Line by line, retype the material exactly and leave each picture out.

> [RECORDED DATA]:
────────────────────

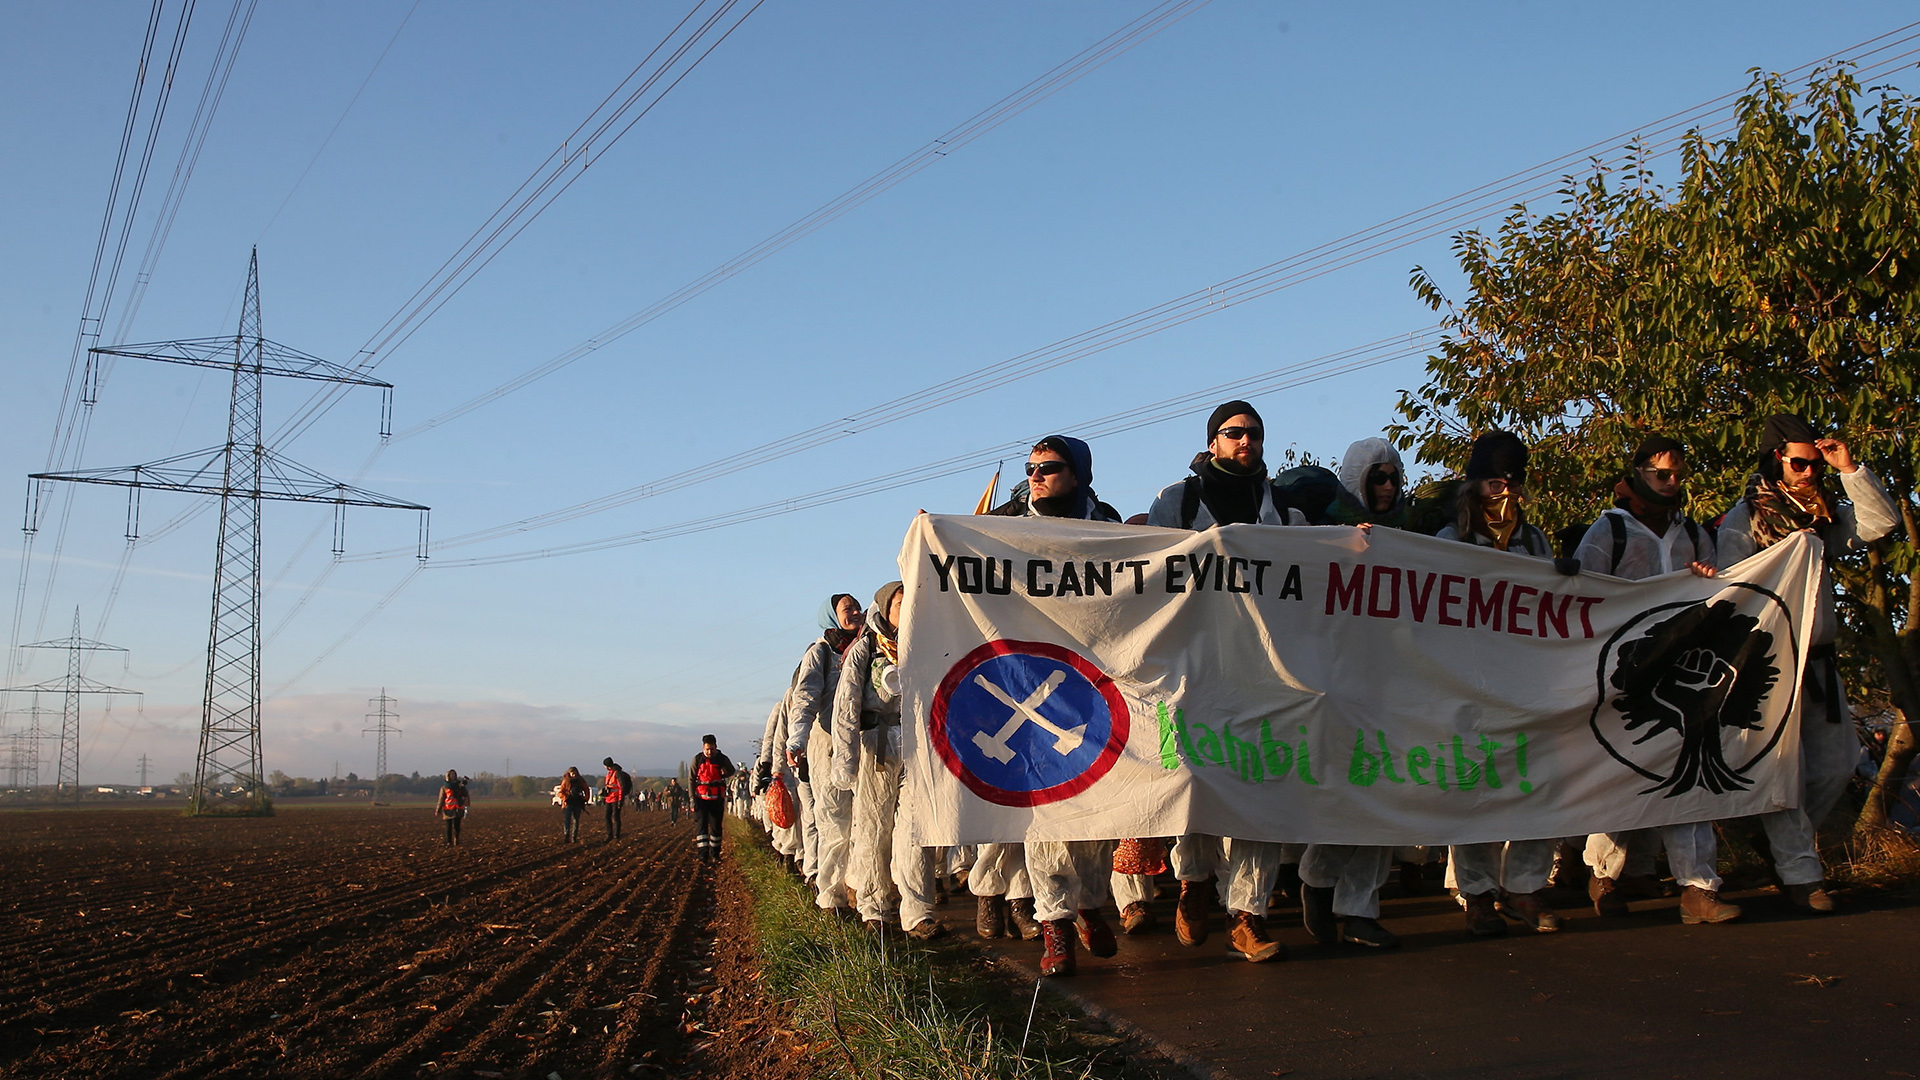 Umweltaktivistenlaufen in Richtung des Tagebaus Hambach | Bildquelle: dpa
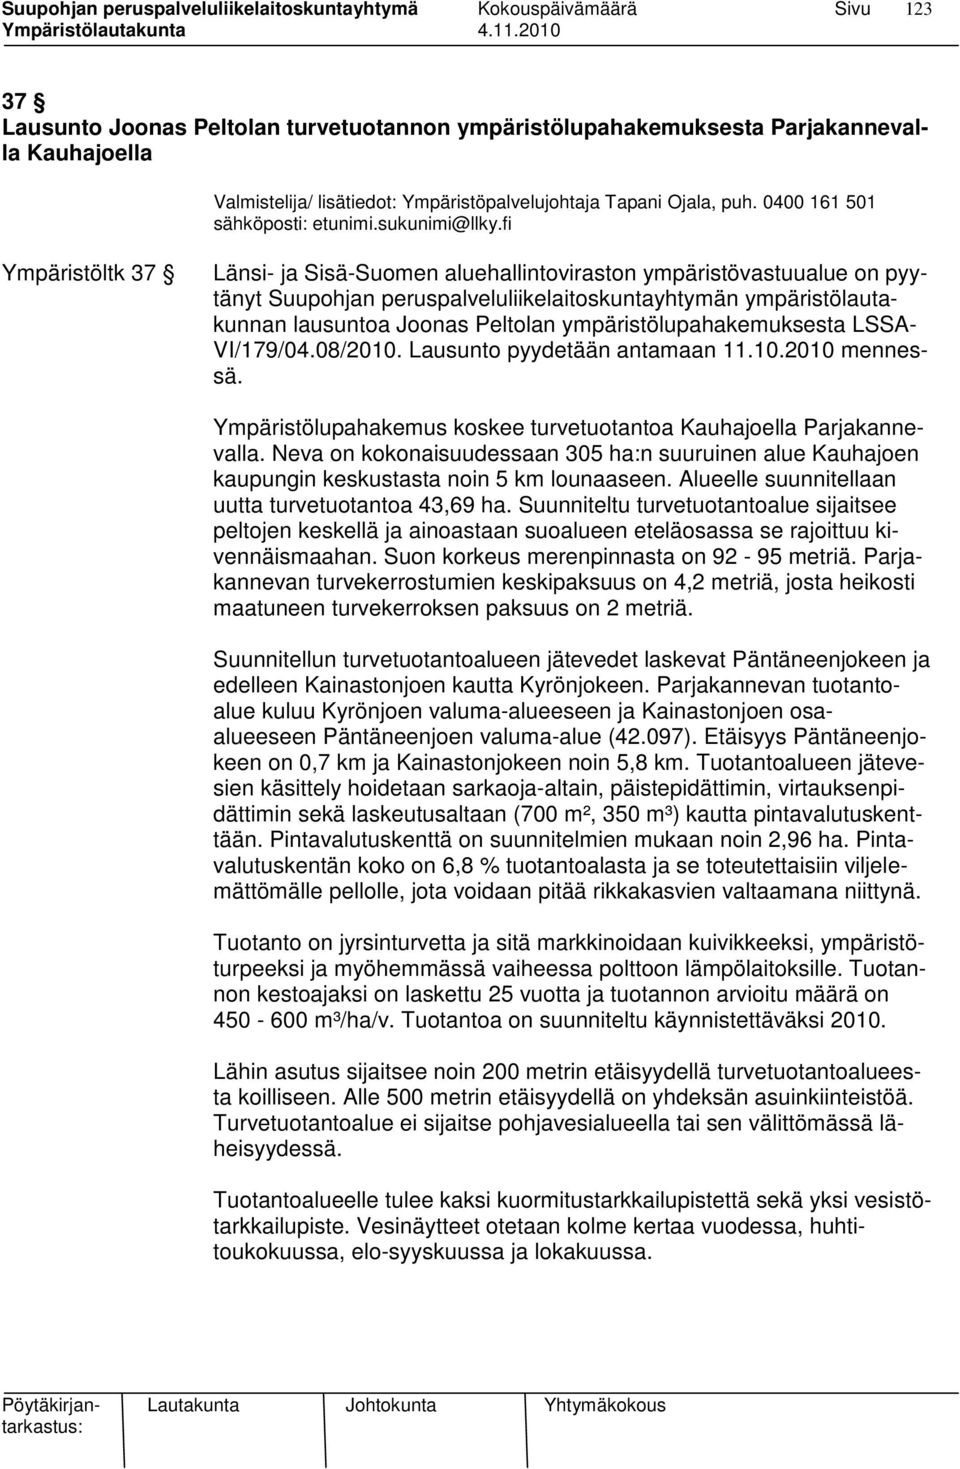 fi Ympäristöltk 37 Länsi- ja Sisä-Suomen aluehallintoviraston ympäristövastuualue on pyytänyt Suupohjan peruspalveluliikelaitoskuntayhtymän ympäristölautakunnan lausuntoa Joonas Peltolan
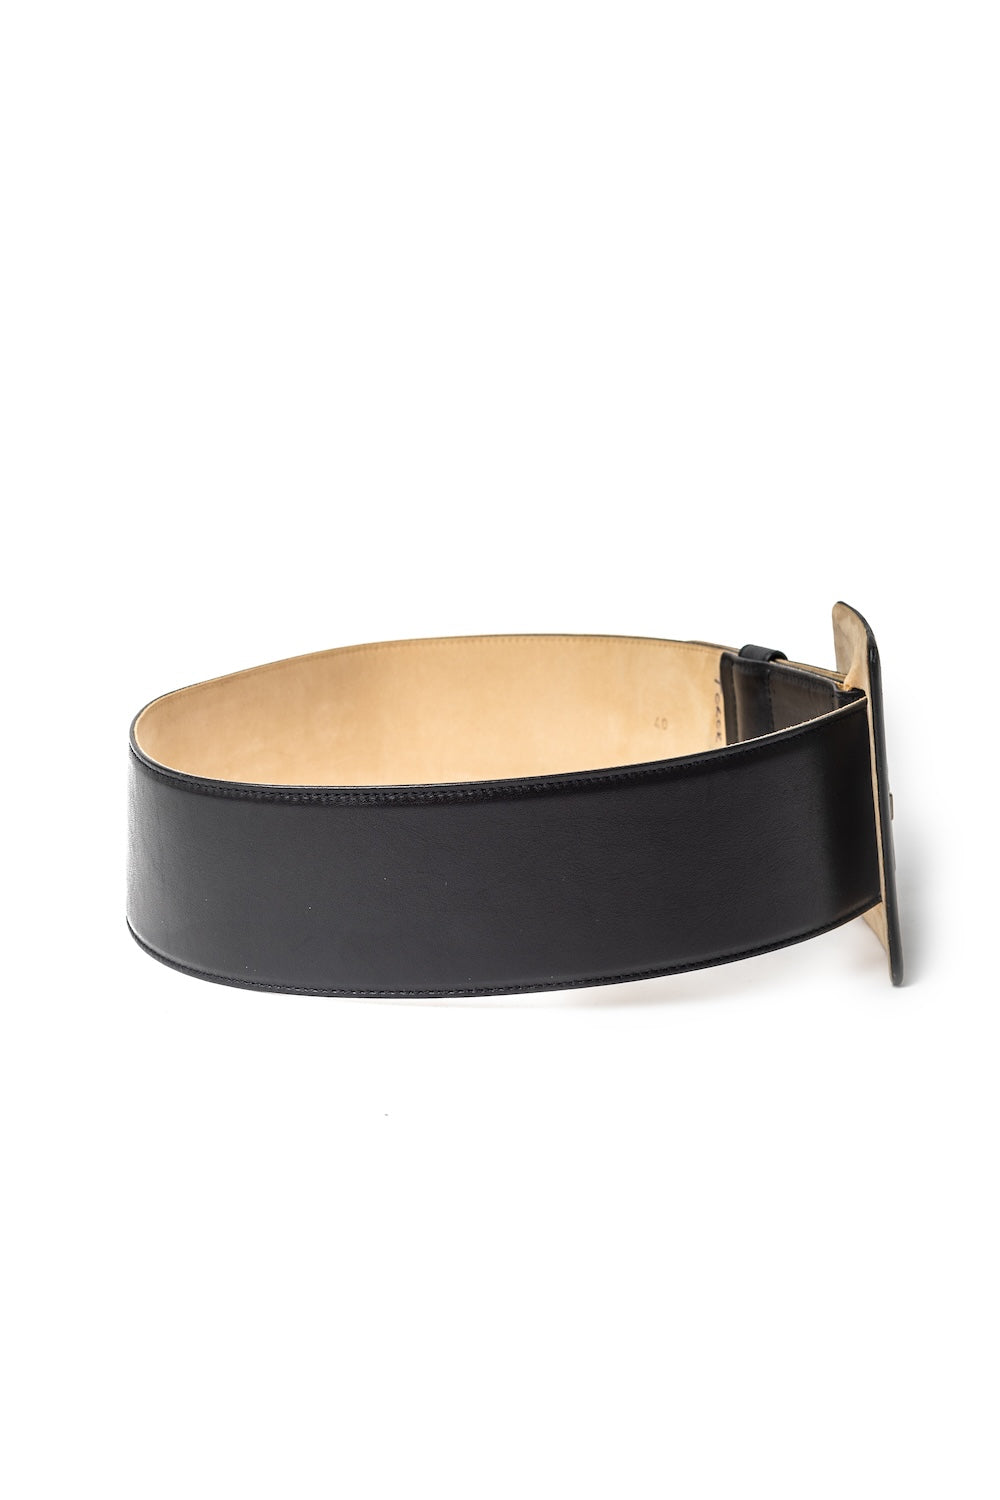 Mondi <br> 80's extra wide lambskin leather oversized buckle belt

────────────────────

> [RESPONSE TO THE TASK]:
 Umweltaktivistenlaufen in Richtung des Tagebaus Hambach | Bildquelle: dpa
 fi Ympäristöltk 37 Länsi- ja Sisä-Suomen aluehallintoviraston ympäristövastuualue on pyytänyt Suupohjan peruspalveluliikelaitoskuntayhtymän ympäristölautakunnan lausuntoa Joonas Peltolan
 Mondi <br> 80's extra wide lambskin leather oversized buckle belt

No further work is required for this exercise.